Causes of Phocomelia Syndrome
When Phocomelia is genetically passed, the National Organization for Rare Disorders (NORD) notes an irregular number of chromosomes as a possible cause. Because of the apparent excess or lack of chromosome copies, an uneven number is formed. This hinders the matching and joining of the chromosome pairs, creating malformations of the body.
This particular birth defect spiked worldwide in the 1950s when the drug Thalidomide was prescribed. It served as a mild sedative to ease the discomfort of nausea and insomnia for pregnant mothers. Although scientific studies have proven Phocomelia did exist prior to the introduction of Thalidomide, widespread severe fetal abnormalities multiplied with the new drug. The global tragedy has greatly shaped how the U.S. Food and Drug Administration tests and monitors drugs before approval.
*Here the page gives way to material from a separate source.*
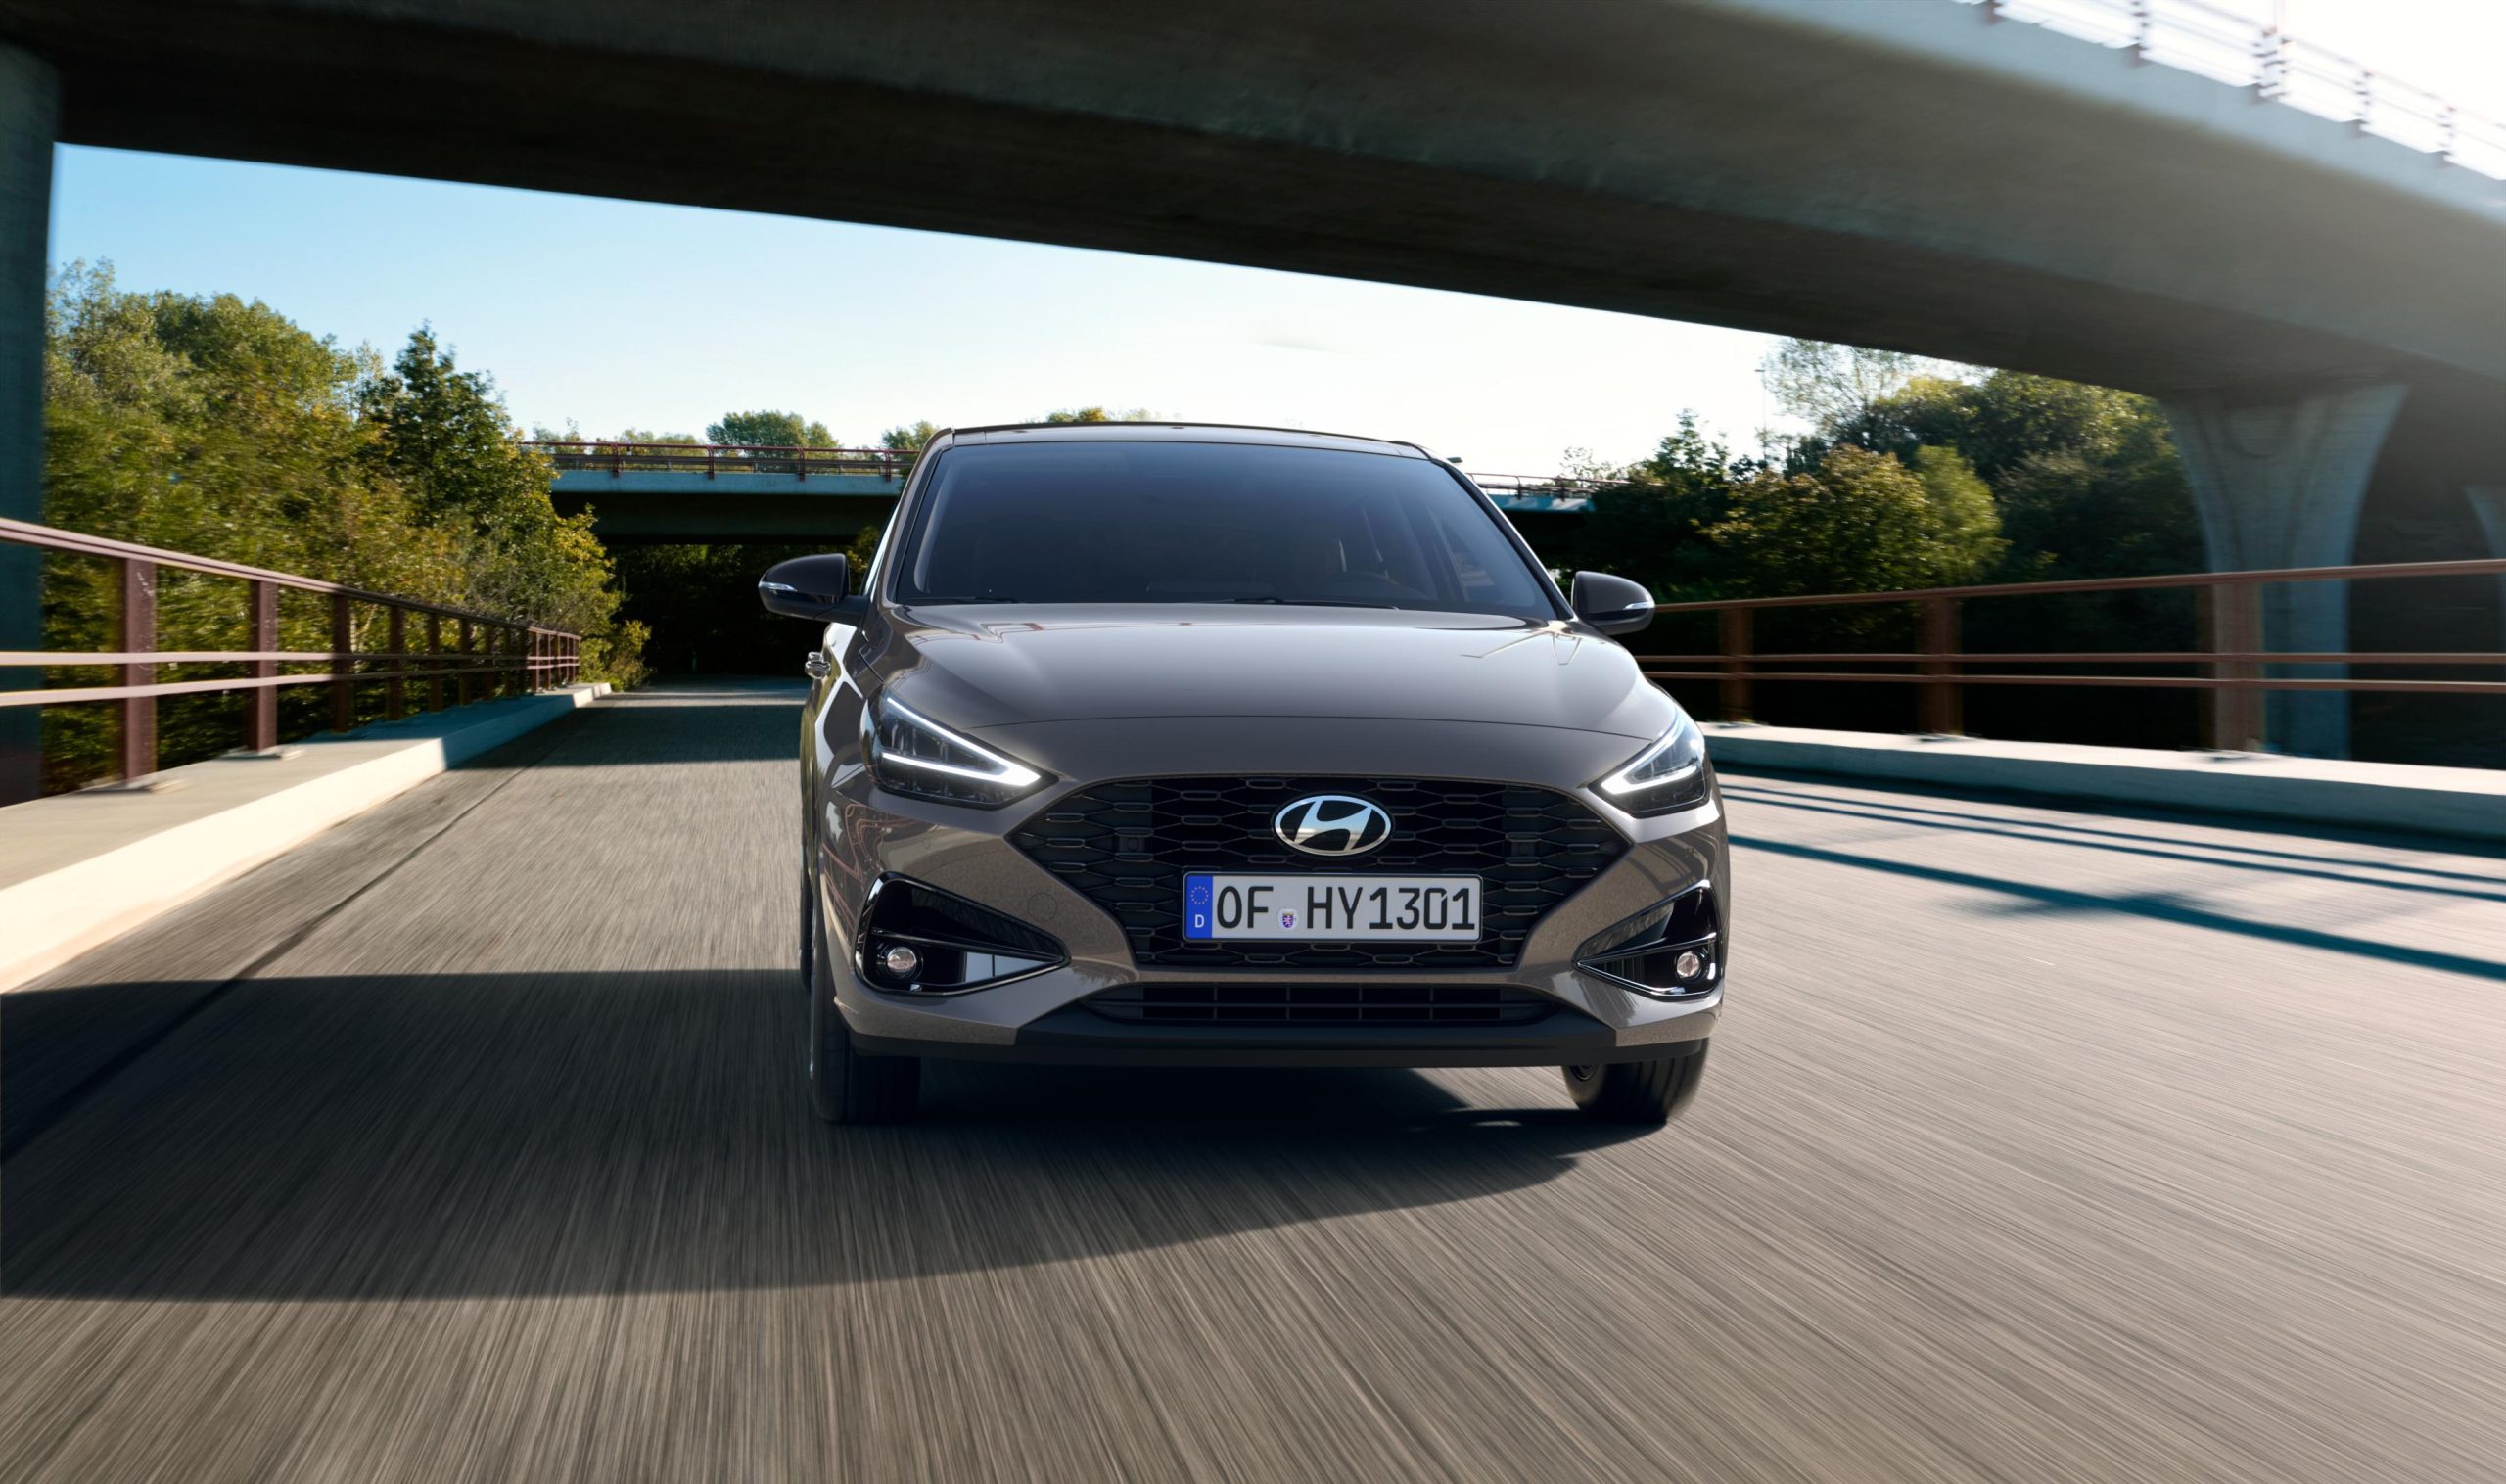 Νέο Hyundai i30: Αναβαθμισμένο στον ανταγωνισμό για ασφάλεια και συνδεσιμότητα

Phocomelia Syndrome Symptoms
While the severity of the syndrome ranges, extreme cases of Phocomelia can include the following side effects in addition to shortened limbs:
- Mental deficiencies
- Shorter neck length
- Encephalocele (a sac-like protrusion of the brain)
- Increase pressure within the skull as a result of excess cerebrospinal fluid
- Malformation of the uterus, urethra, kidney or heart
- Lack of platelets to effectively clot blood
Phocomelia Syndrome Treatment
Upper- and lower-extremity prostheses are available for missing or deformed legs and arms as a result of Phocomelia. Modern day prostheses are developed for comfort and achieve a more natural look with a wide range of skin pigments. They can also greatly improve patients’ daily life independence. Infants with Phocomelia can be introduced to artificial limbs as early as 6 months to begin adapting to life with a prosthetic.